The semantic web community is using a very powerful way to achieve this. They are using the same mechanism which powers resource discovery (for example – URL linking) to discover and understand vocabularies. Two candidates which make this possible are RDF (resource description format) and OWL (Web Ontology Language). I won’t describe these technologies in details here but keep it for some other day. However the point of this note is to surface example ontologies or vocabularies this community has successfully used/developed so far:
So how does this fit in the HealthCare? John Hamalka outlines the elements of vocabulary whicn an EHR can use in his post – http://geekdoctor.blogspot.com/2009/04/data-elements-of-ehr.html. He mentions preferred vocabularies and transports for some of important EHR elements. In the following posts i will try to go deeper in this area.
So how does this fit with HealthVault? Well HealthVault exposes all the vocabularies it uses – http://developer.healthvault.com/types/vocabs.aspx. We let people also annotate their data with any vocabulary they like. However this leds to an interesting interoperability problem, so on the XSD schemas of our data types (http://developer.healthvault.com/types/types.aspx) we specify preferred vocabularies for some data elements. In the following posts i will provide more details with regards to this.
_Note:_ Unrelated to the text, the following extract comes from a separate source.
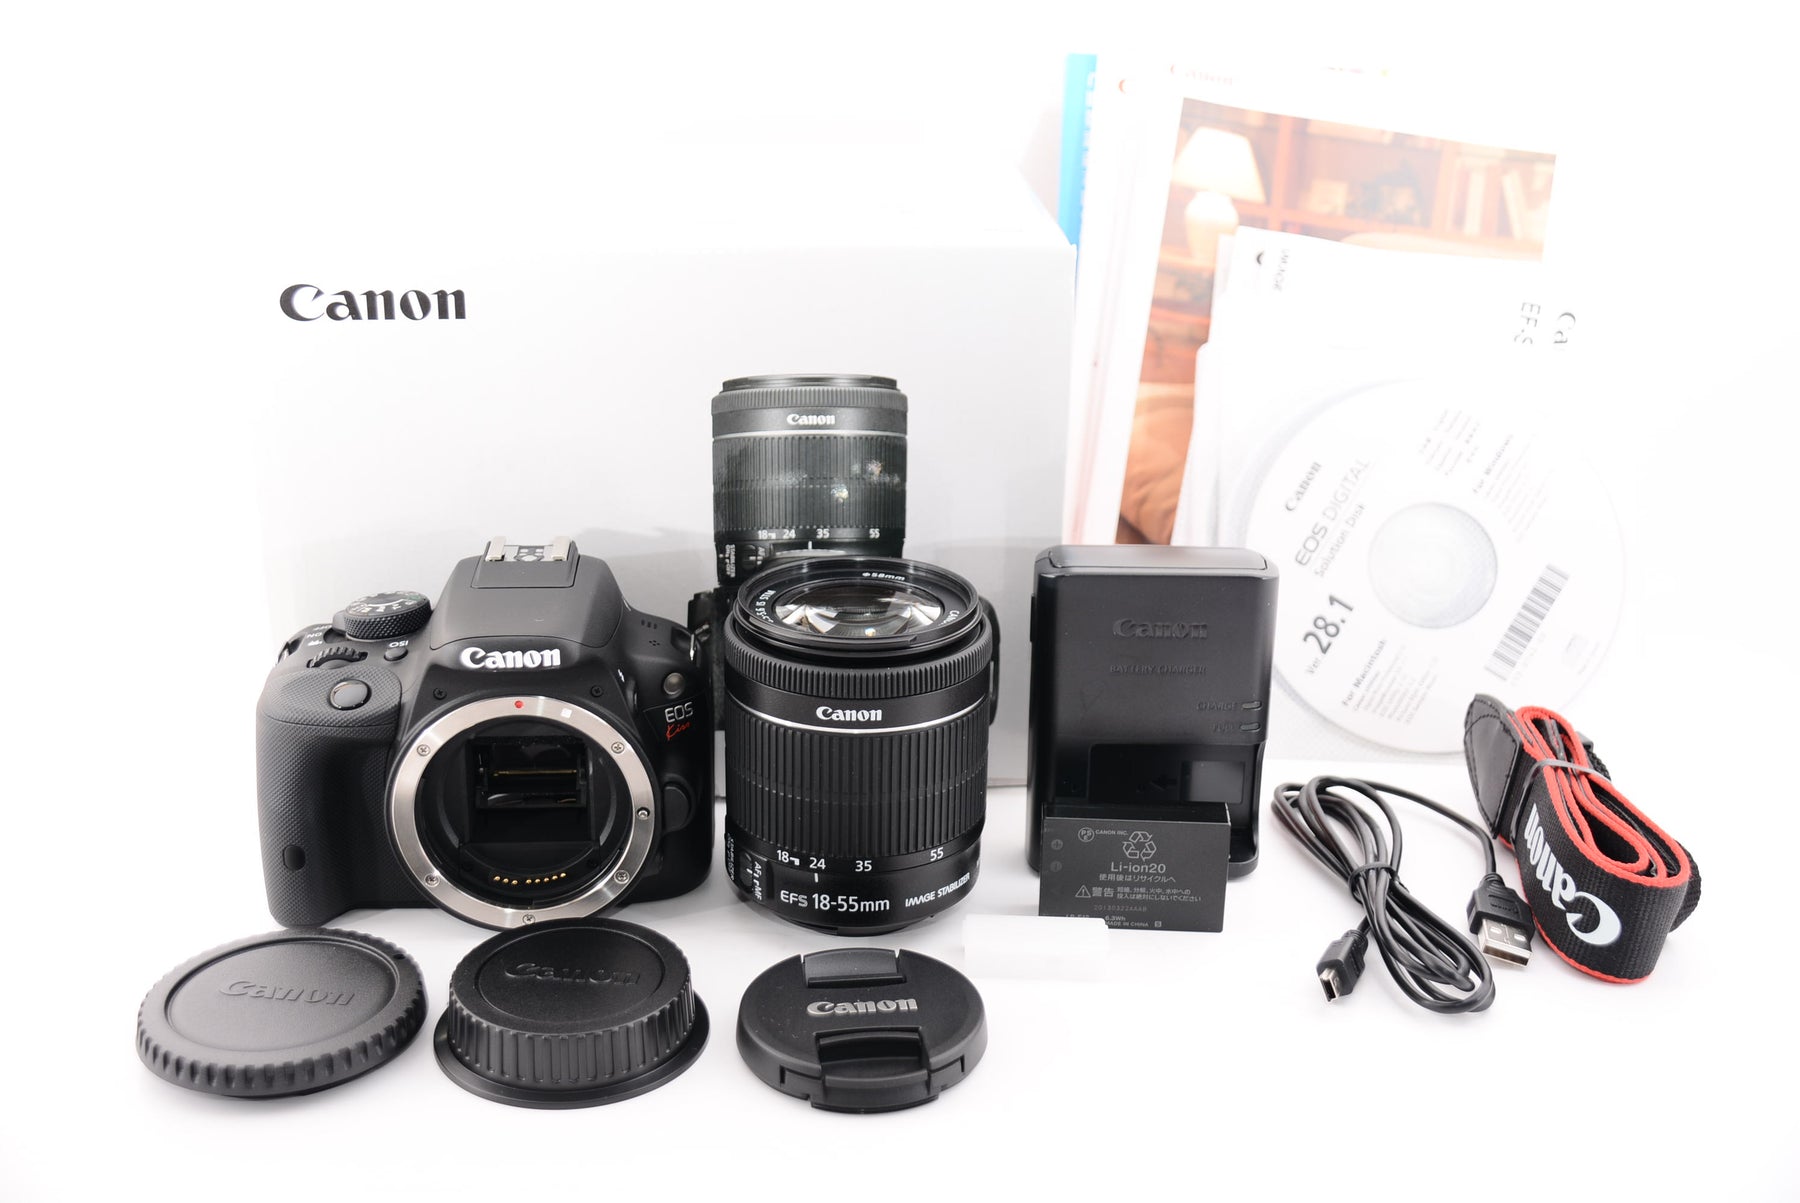 Canon デジタル一眼レフカメラ EOS Kiss X7 レンズキット EF-S18-55mm F3.5-5.6 IS STM付属 KISSX7-1 - 1
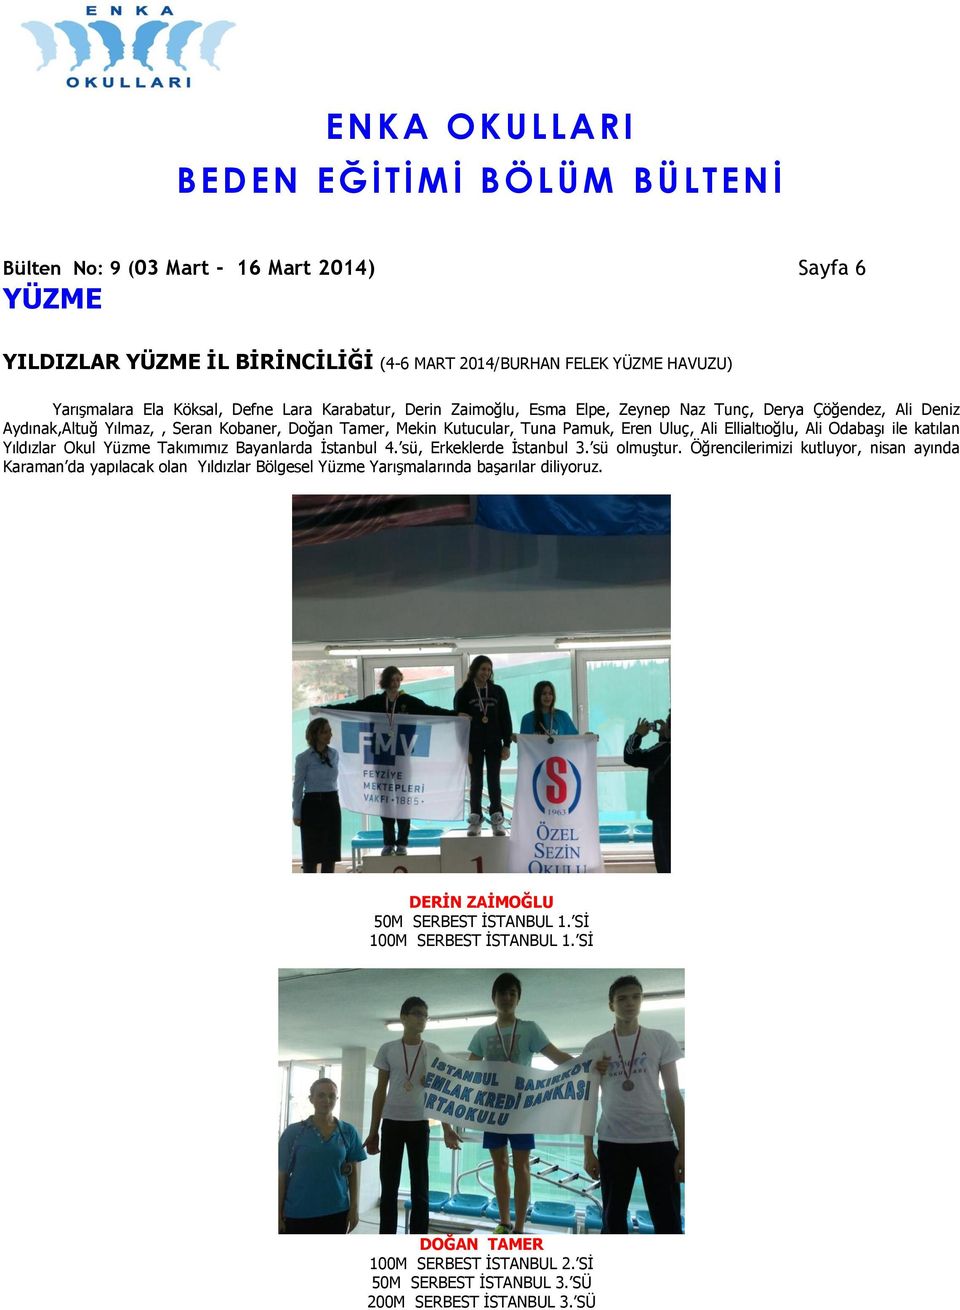 Yıldızlar Okul Yüzme Takımımız Bayanlarda İstanbul 4. sü, Erkeklerde İstanbul 3. sü olmuştur.

As you can from John’s post their is no dearth of language systems for various medical or healthcare terms. However their is a big gap on best practices on how one can denormalize various vocabularies for implementeting systems which can interoperate with other systems using different vocabularies. I tend to think that there are some lessons to be learned in this area from semantic web efforts and also a need for a more structured effort to surface best practices. May be I’ll dig deeper in this area in one of the future posts.